*** Data below ***

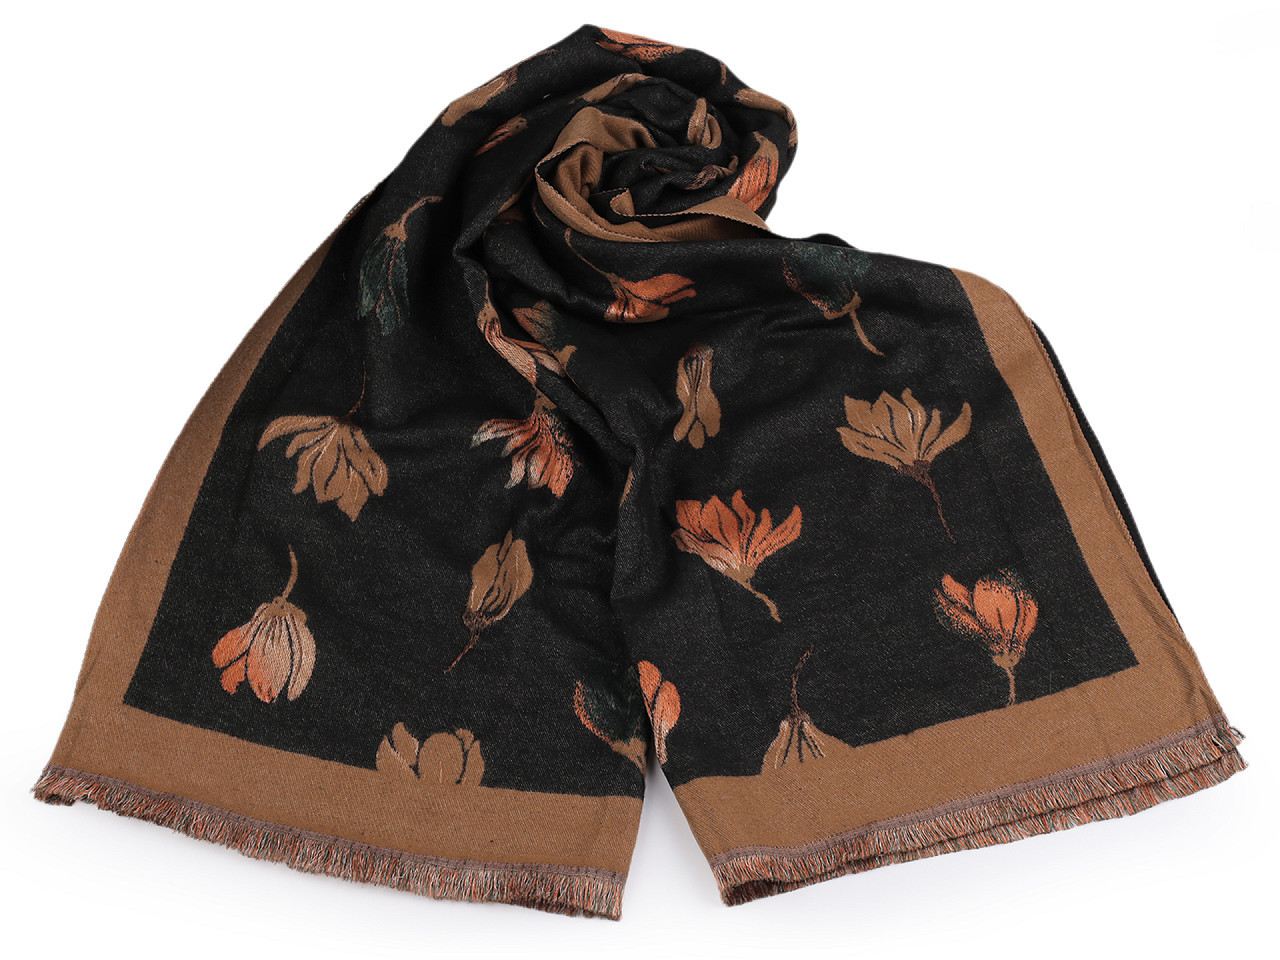 Šátek / šála typu kašmír s třásněmi, květy 65x190 cm, barva 18 béžová velbloudí hnědá tmavá
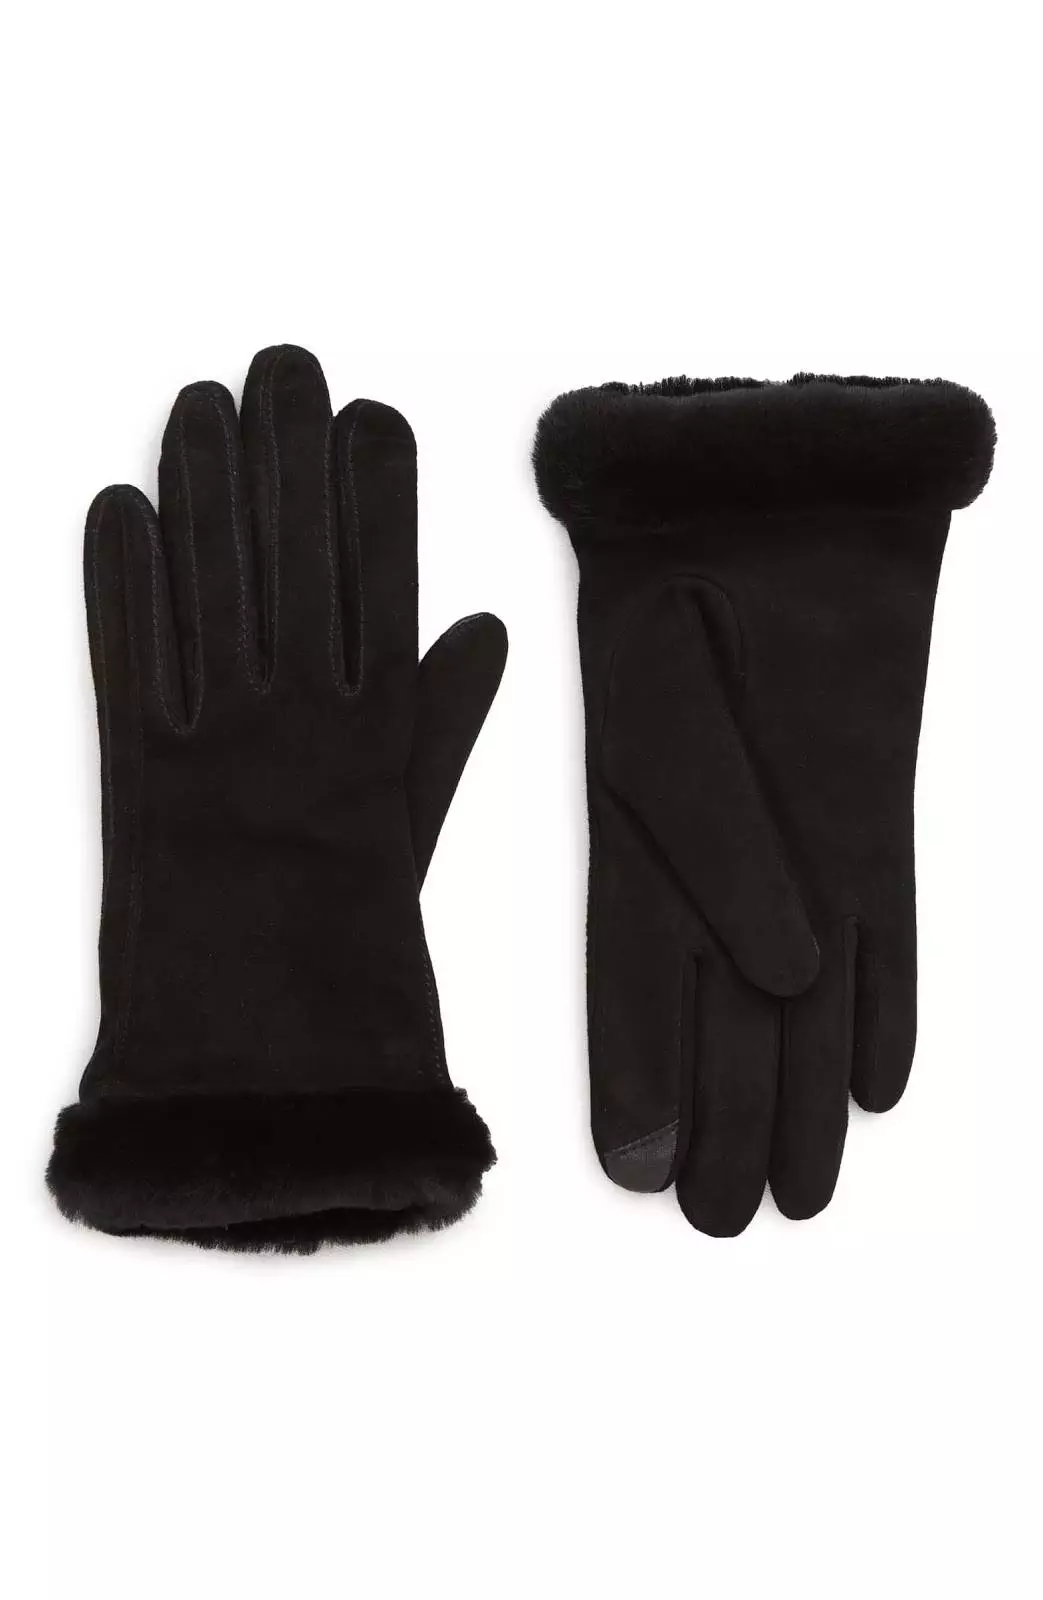 Nordstrom touchscreen gloves
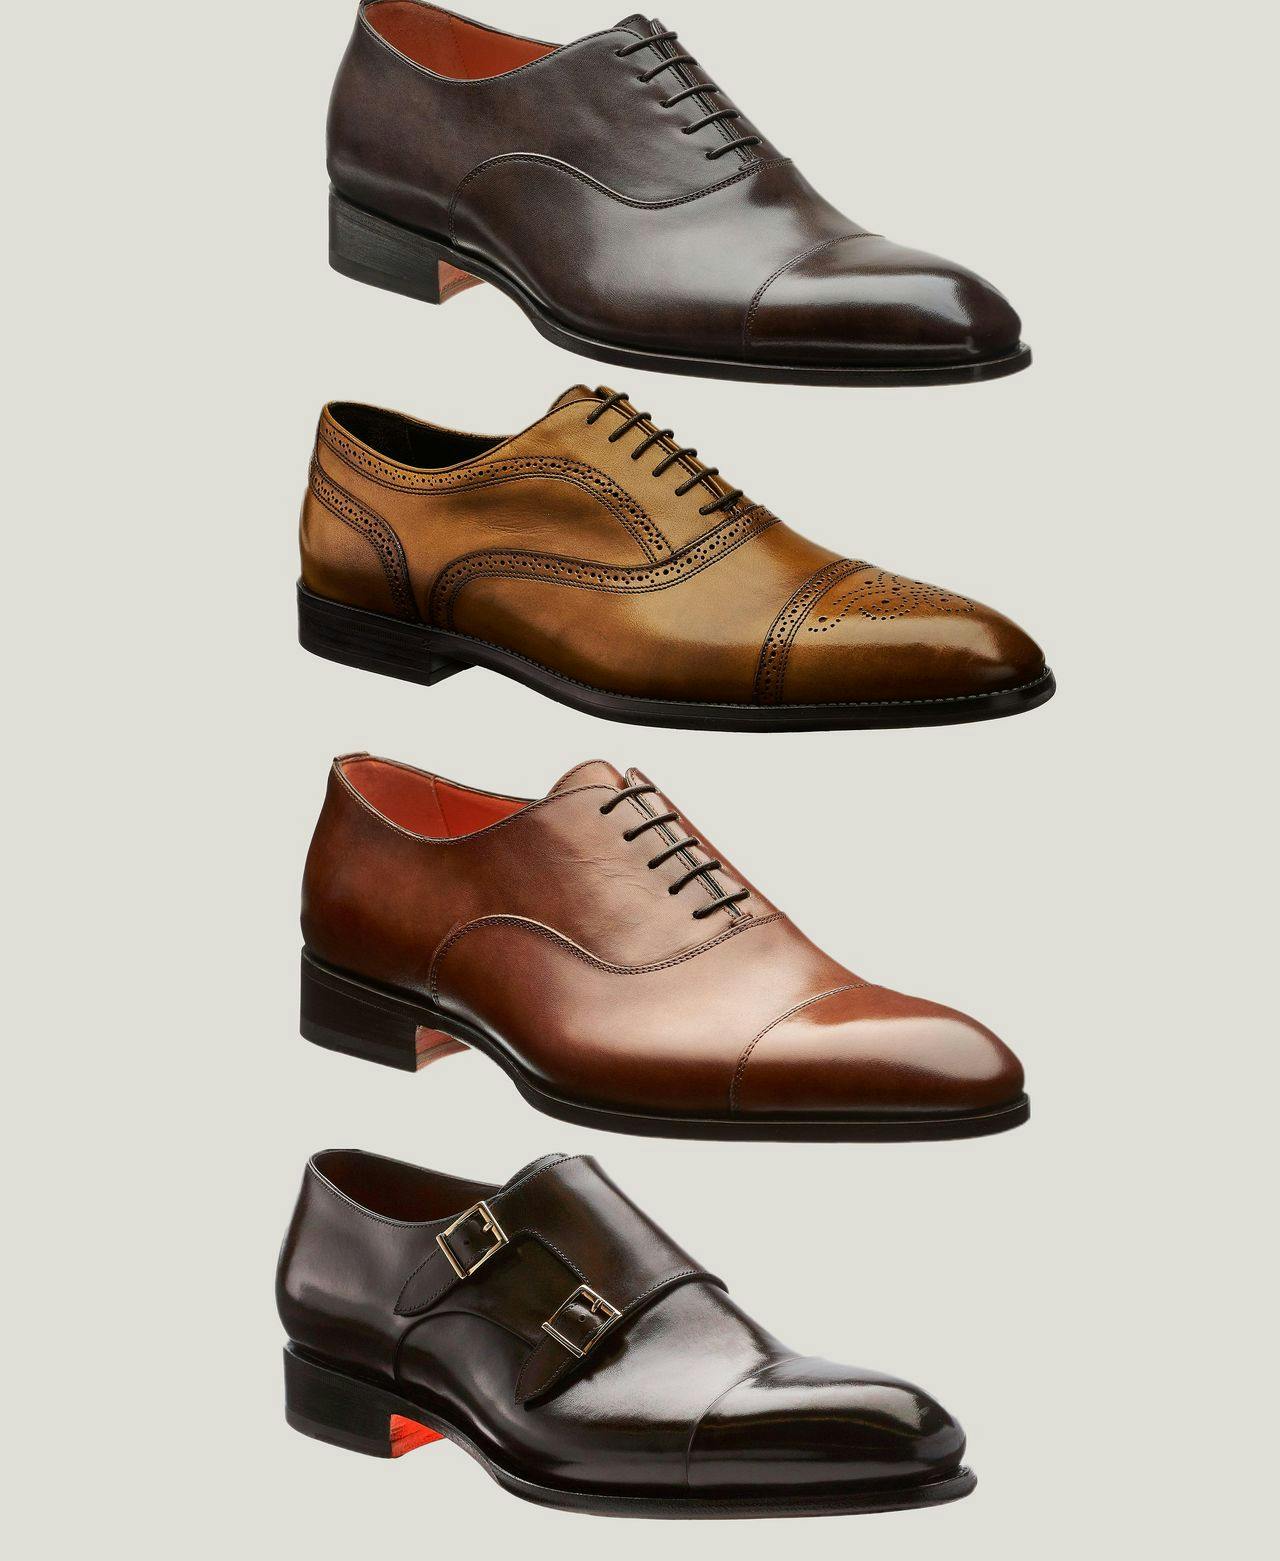 Quatre paires de chaussures sont présentées dans des couleurs différentes

*** End of Data below ***

*Problem requirements*
Copy the whole of the material above exactly, but not its images.

*Written answer*
 Šátek / šála typu kašmír s třásněmi, květy 65x190 cm, barva 18 béžová velbloudí hnědá tmavá
 Nordstrom touchscreen gloves
 Quatre paires de chaussures sont présentées dans des couleurs différentes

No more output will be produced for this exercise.